South Sudanese activist and politician

Bol Gai Deng is a South Sudanese human rights activist, author, and politician whose work and public profile have been covered by U.S. and international media and institutions. He leads the Kush Democratic Majority Party and has announced campaigns for the presidency of South Sudan from the United States in recent election cycles.

== Early life ==
Bol Gai Deng was born into the Dinka tribe what is now South Sudan. He was kidnapped from his village at the age of seven, enslaved for four years, and eventually escaped to Egypt before resettling in the United States as a refugee.

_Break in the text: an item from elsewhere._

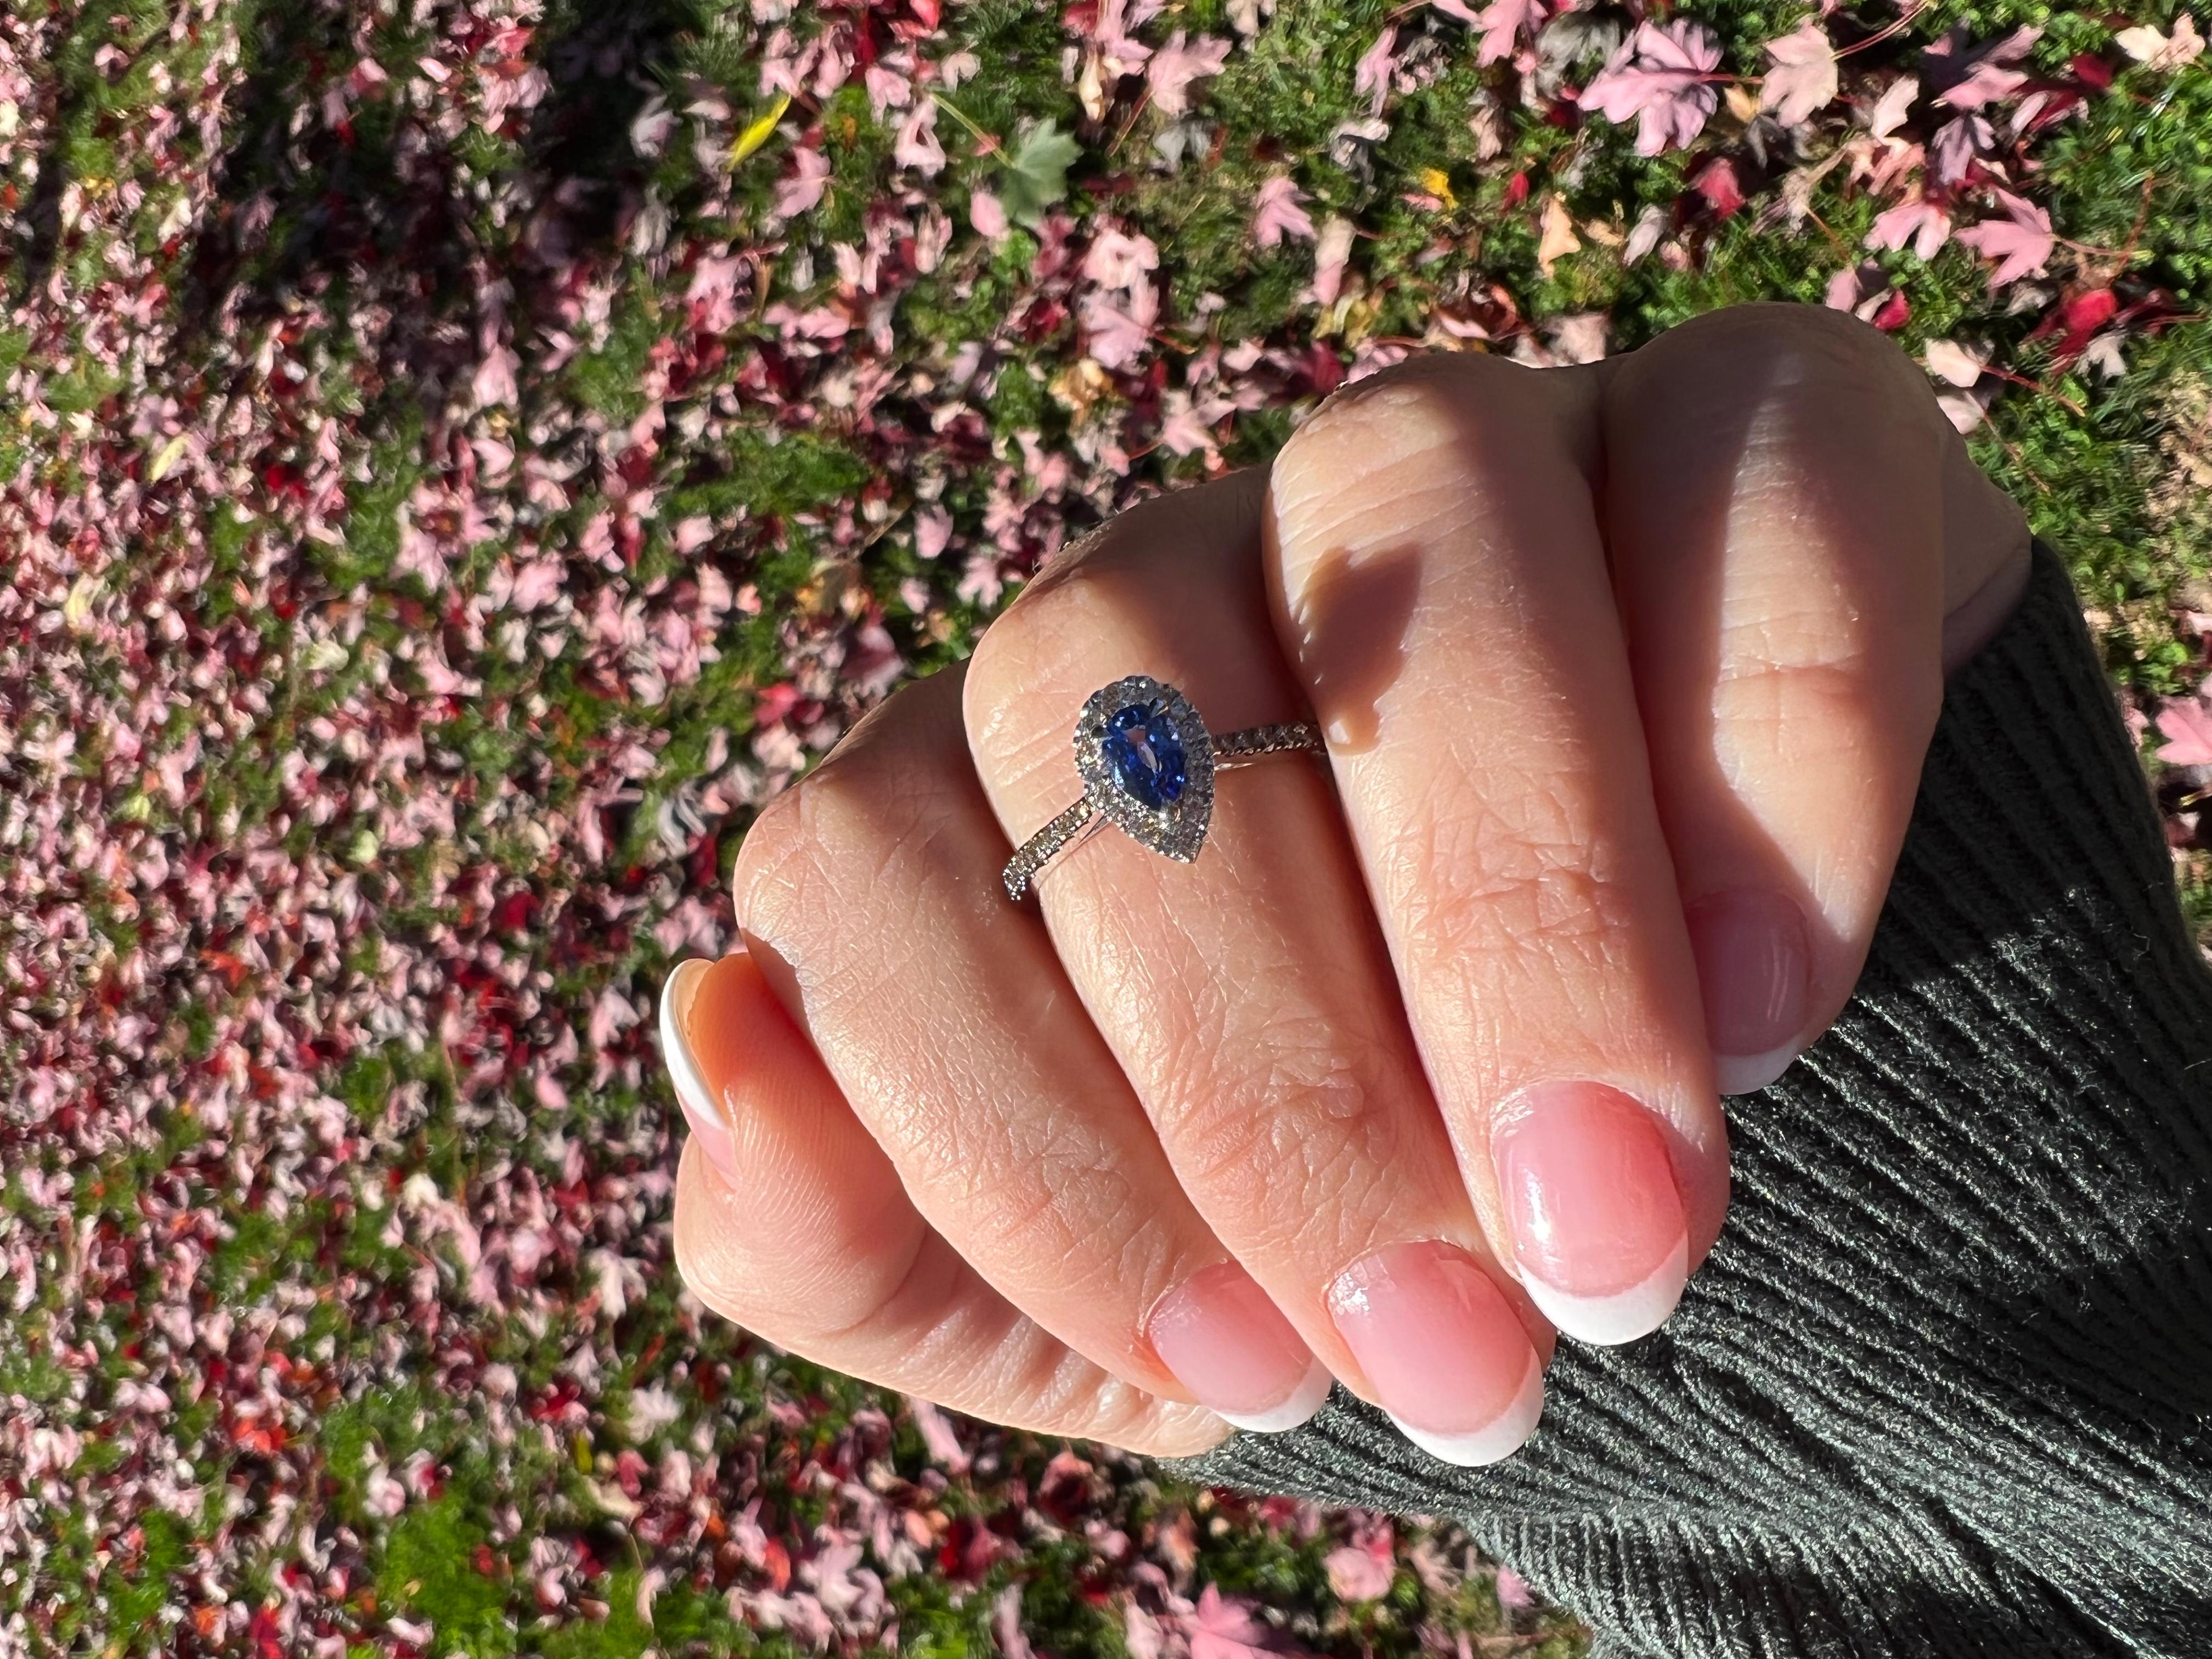 Le Vian® Ring featuring 1/2 cts. Blueberry Sapphire™, 1/5 cts. Chocolate Diamonds®, 1/6 cts. Nude Diamonds™ set in 14K Vanilla Gold®
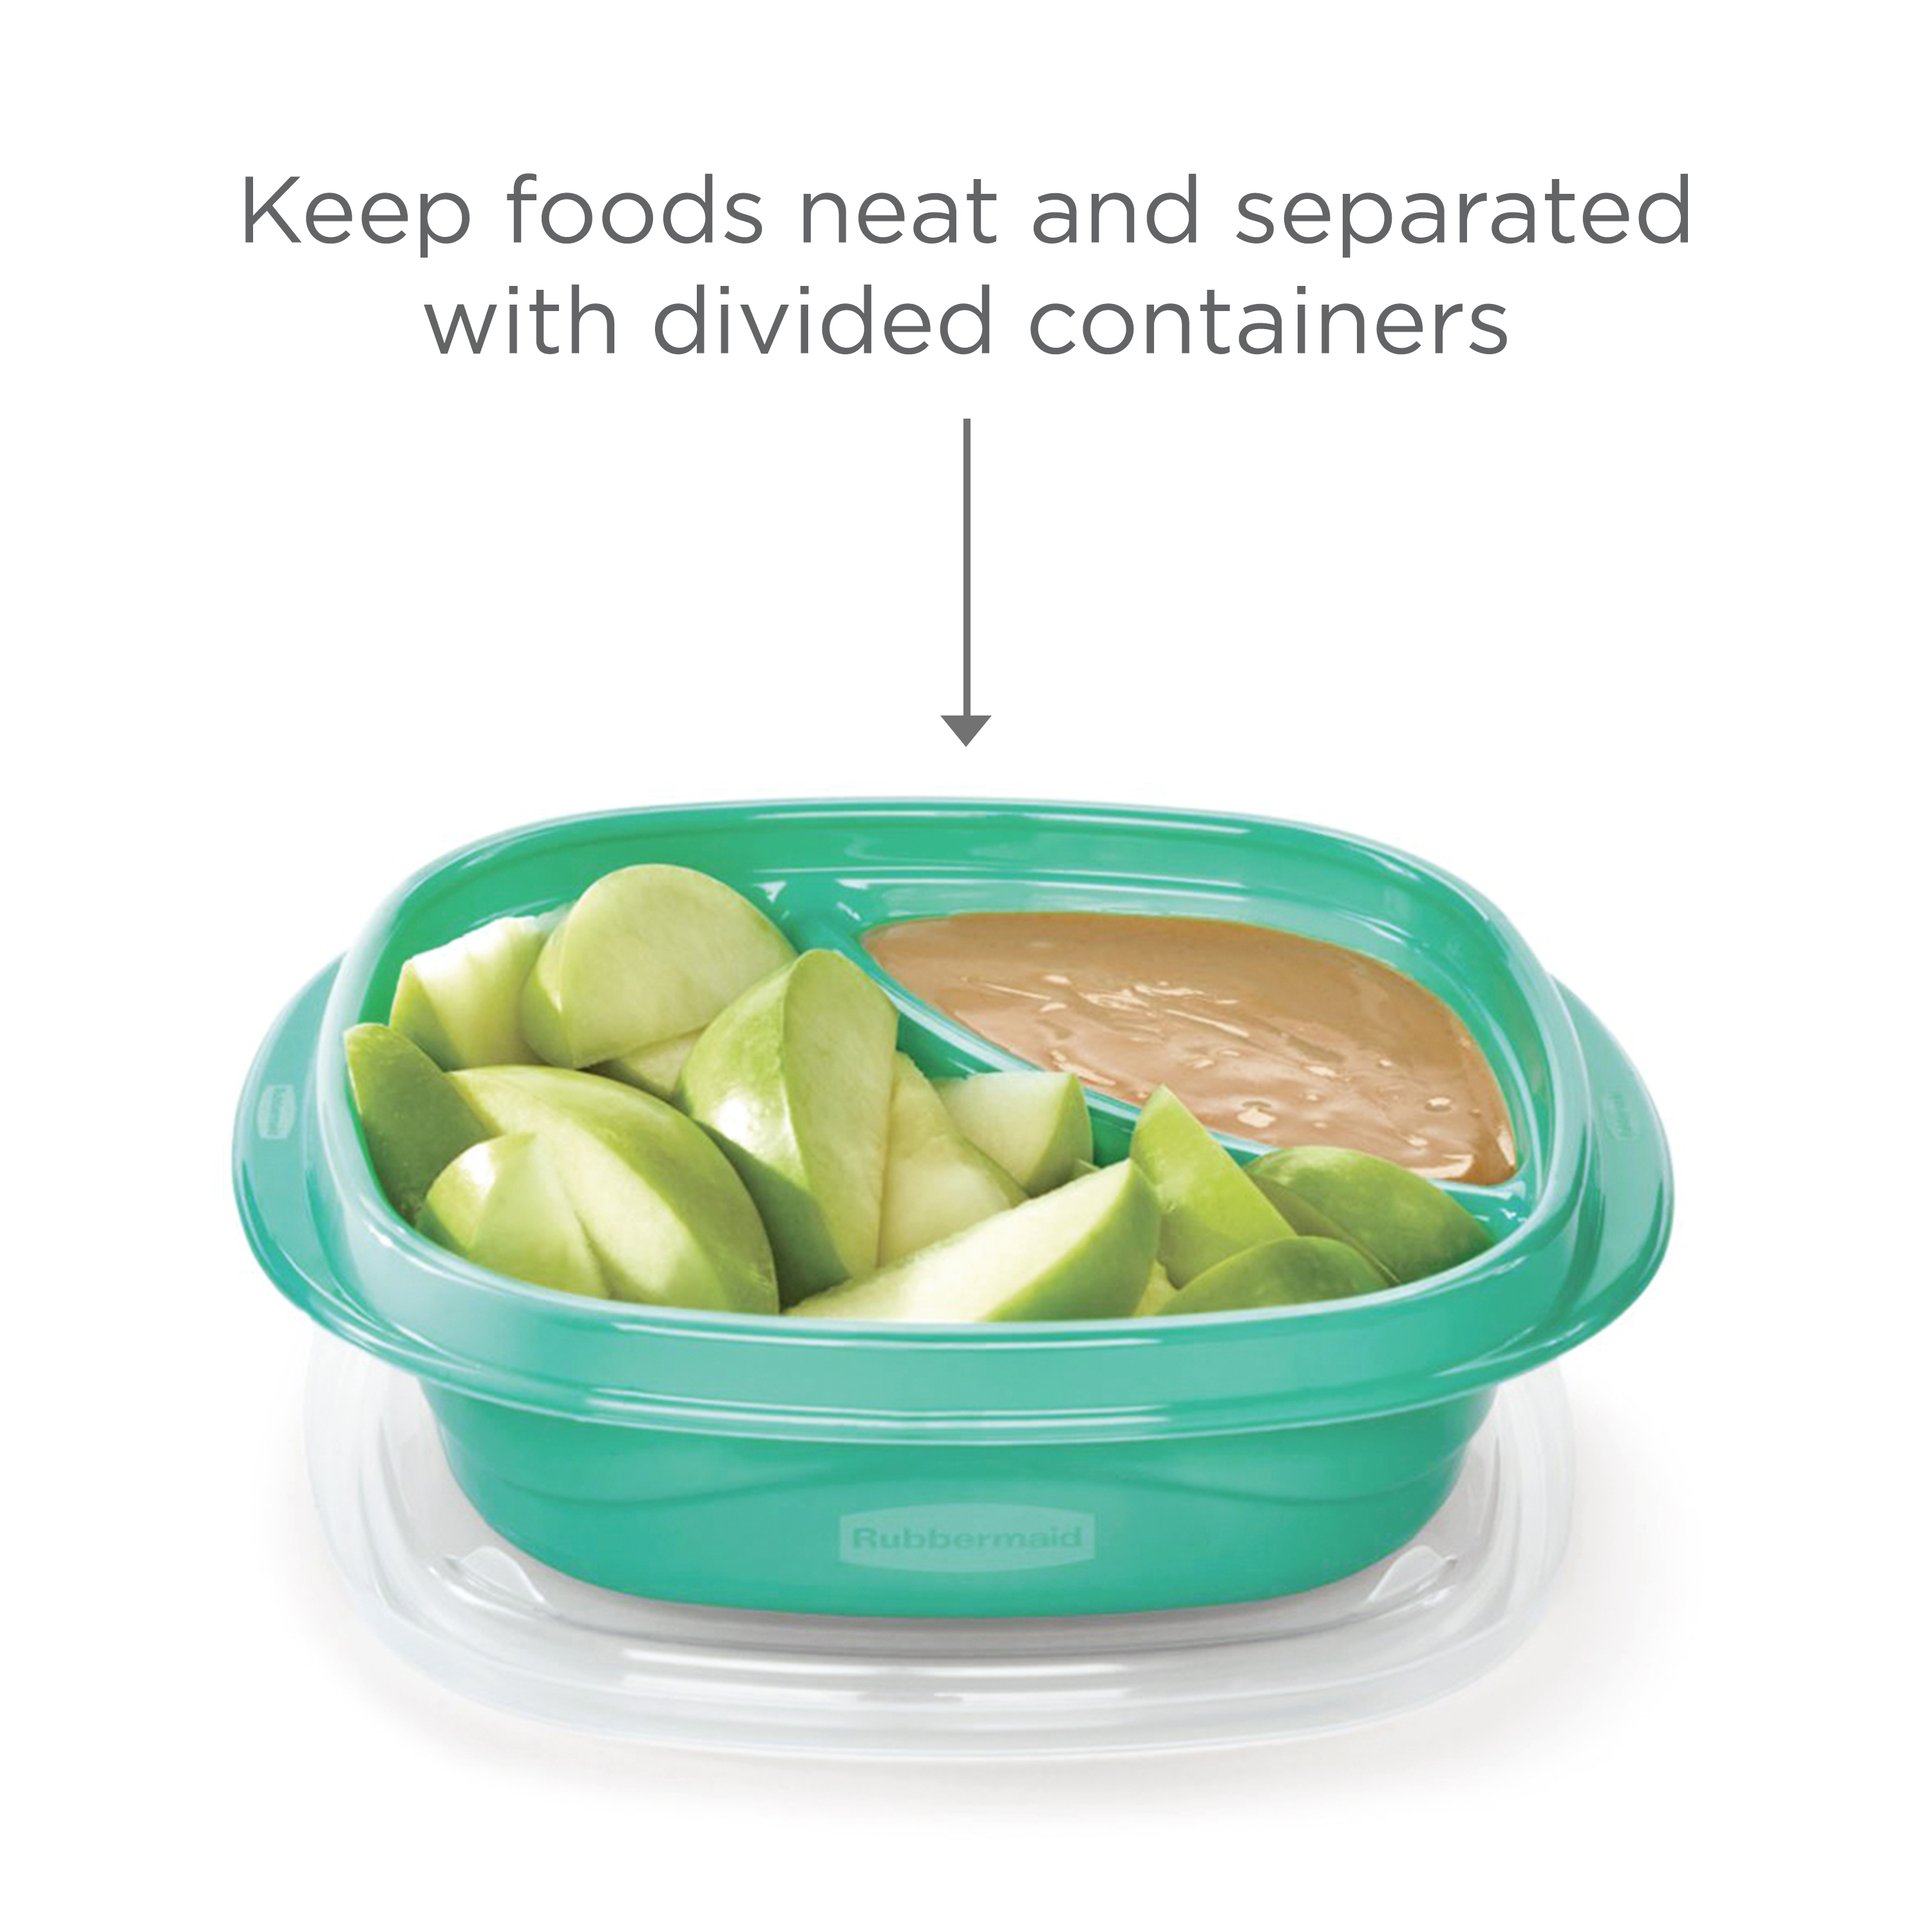 Rubbermaid TakeAlongs Variety Set of 25 Food Storage Containers, Teal Lids - image 4 of 6

== Education and activism ==
Deng studied at Virginia Commonwealth University (VCU), where coverage notes a course of study in political science and homeland security and describes his subsequent human rights advocacy, including organizing rallies in Washington, D.C., and outreach among refugee and immigrant communities.

== Politics ==
Deng is the leader of the Kush Democratic Majority Party and has campaigned for the presidency of South Sudan, with reporting describing his U.S.-based efforts to press for free and fair elections and to promote peace and humanitarian priorities.

== Publications ==
Deng is the author of Bol Gai Deng: Legacy of an African Freedom Fighter, a work discussed in institutional coverage of his activism and campaign.